Figure 6 shows that the best long-term forecasts of load demand are obtained using the proposed ABPA. Based on forecasting value adjustments, the suggested forecasting formulations contributed significantly to amending the deviations obtained from the difference in behaviour between the trained and new forecast datasets. The long-term forecast values are further improved. This improvement was assessed considering the minimum MSE and MAPE equal to 1.195.650 and 0.045, respectively, compared with the previous version of forecasts using No Adjustment, i.e. Eq. 8, which achieved significantly higher MSE and MAPE values equal to 50.759.957 and 0.26, respectively.

The second-best forecast method based on the achieved MSE and MAPE values of 12.845.733 and 0.116 is the RNNs-LSTM. This method’s performance, as discussed earlier, is attributed to its high capability for learning order dependence in sequence prediction problems. The RBFN method is considered the third-best forecasting method by achieving MSE and MAPE values equal to 19.197.960 and 0.144. The REG approach provides forecasts below the actual load and shows performance almost close to BPA with MSE and MAPE values equal to 44.495.892 and 0.25.

6 Conclusion and future work

This study proposed improving the classical forecasting formulation used in BPA for higher-quality long-term load demand forecasting. This improvement was achieved by capturing the behaviour differences within/outside the training input datasets and quantifying these differences as adjustment factors. This adjustment was possible by bridging the last observation's behaviour (within the trained datasets) and future datasets outside the training stage. This deviation (adjustment factor) was then quantified/encapsulated in a variation term, which was added to/subtracted from the classical forecasting model for best adjustments and higher accuracy outputs.

The new forecasting formulations, including the proposed adjustment factors, improved long-term forecasts' quality. This improvement was evident from the quality of load forecast values obtained using the ABPA compared with other forecasting methods. Compared with other methods, the APBA obtained the lowest values of MSE equal to 1.195.650 and MAPE equal to 0.045. The reduction in both MSE and MAPE values showed that the proposed ABPA, represented by the new forecasting formulations, successfully accommodated the deviation caused while generating high accuracy forecast outputs. The achieved high forecasting accuracy also verified the traditional ANN techniques and the proposed ABPA’s ability to successfully capture the unexpected behaviour of the year 2020, which was exceptionally different from other previous years due to the COVID-19 outbreak. The traditional BPA could not understand the significant change in the load dataset behaviour, especially for 2020. This distracted understanding (as explained in Sect. 3.2) led the BPA to generate inaccurate forecasts below the actual load inputs, resulting in significant MSE and MAPE values equal to 50.759.957 and 0.26, respectively. The RNNs-LSTM was the second-best approach in providing long-term forecast with MSE and MAPE equal to 12.845.733 and 0.116, followed by the RBFN approach with values of MSE and MAPE equal to 19.197.960 and 0.116, respectively.

The impact of data normalisation on the quality of long-term forecasting outcomes using the traditional forecasting equation was measured by applying three different ranges of input datasets. Using Eq. (8), the range (0,1) led to the best forecasts with minimum values of MSE equal to 47.497.616 and MAPE equal to 0.24. After the adjustment, Eq. (8.4) provided the best forecasts for the dataset range (0,1) with the lowest MSE equal to 1.195.650 and MAPE equal to 0.045.
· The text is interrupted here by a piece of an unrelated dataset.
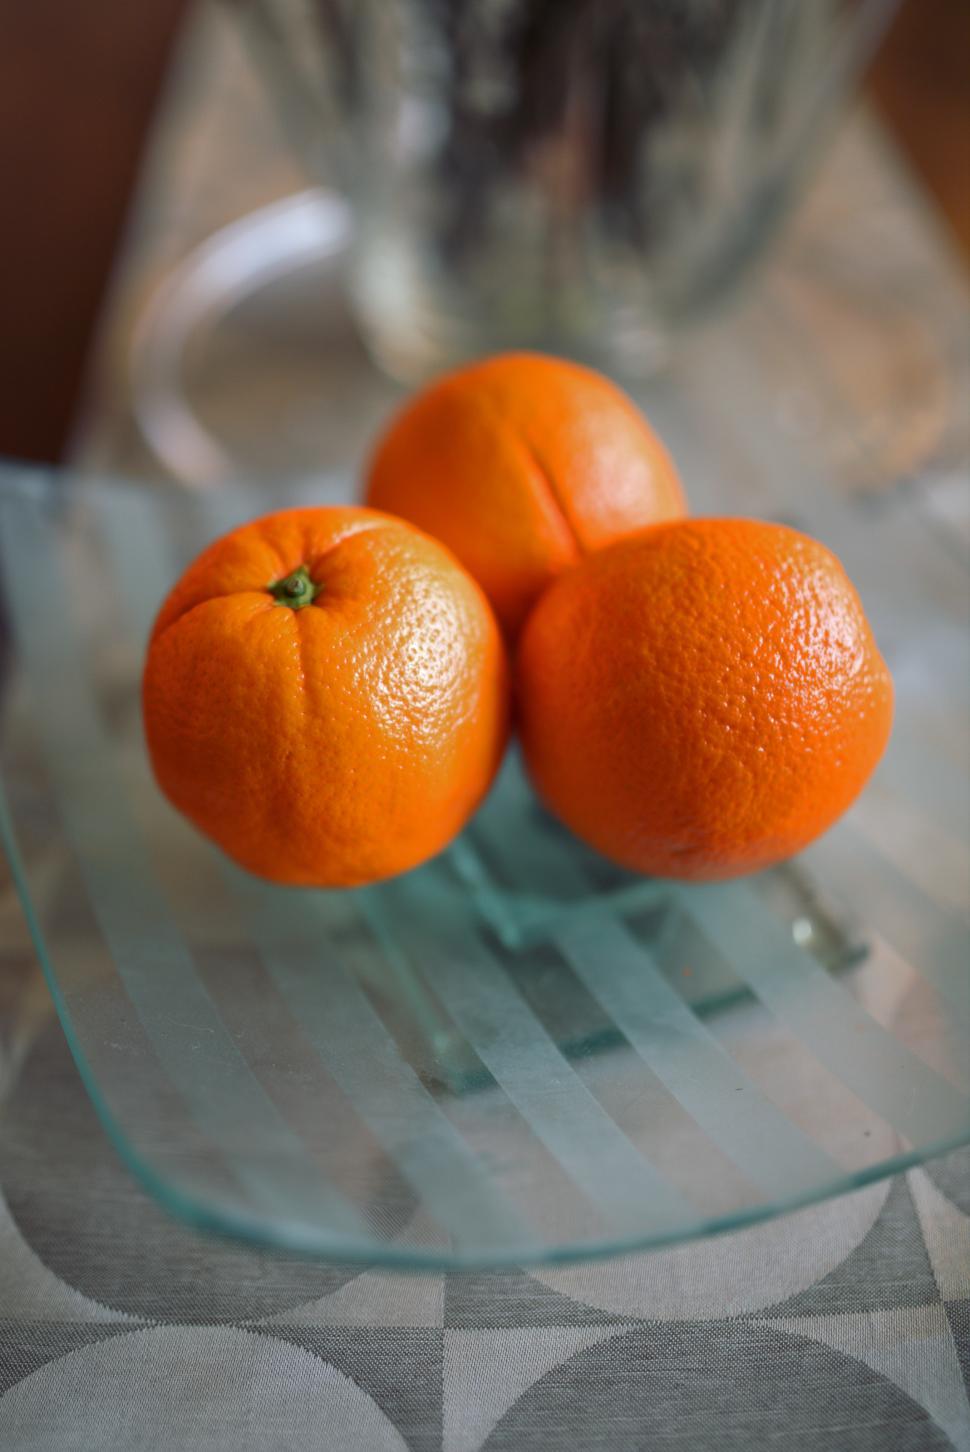 Free Image of Two Oranges on Glass Plate

This approach's limitation in terms of implementation is that it needs significant differences in behaviour between the training and forecasting/validation datasets (high non-stationarity). This dataset's behaviour differences enable the proposed ABPA to perform better and improve the expectations based on adjusting the dataset's behaviour.

Future work is suggested to develop more advanced forecasting models with more than one forecasting output for classical ANNs. The relationship between these models for different ANN outputs would be a promising opportunity to further investigate robust and reliable prediction purposes.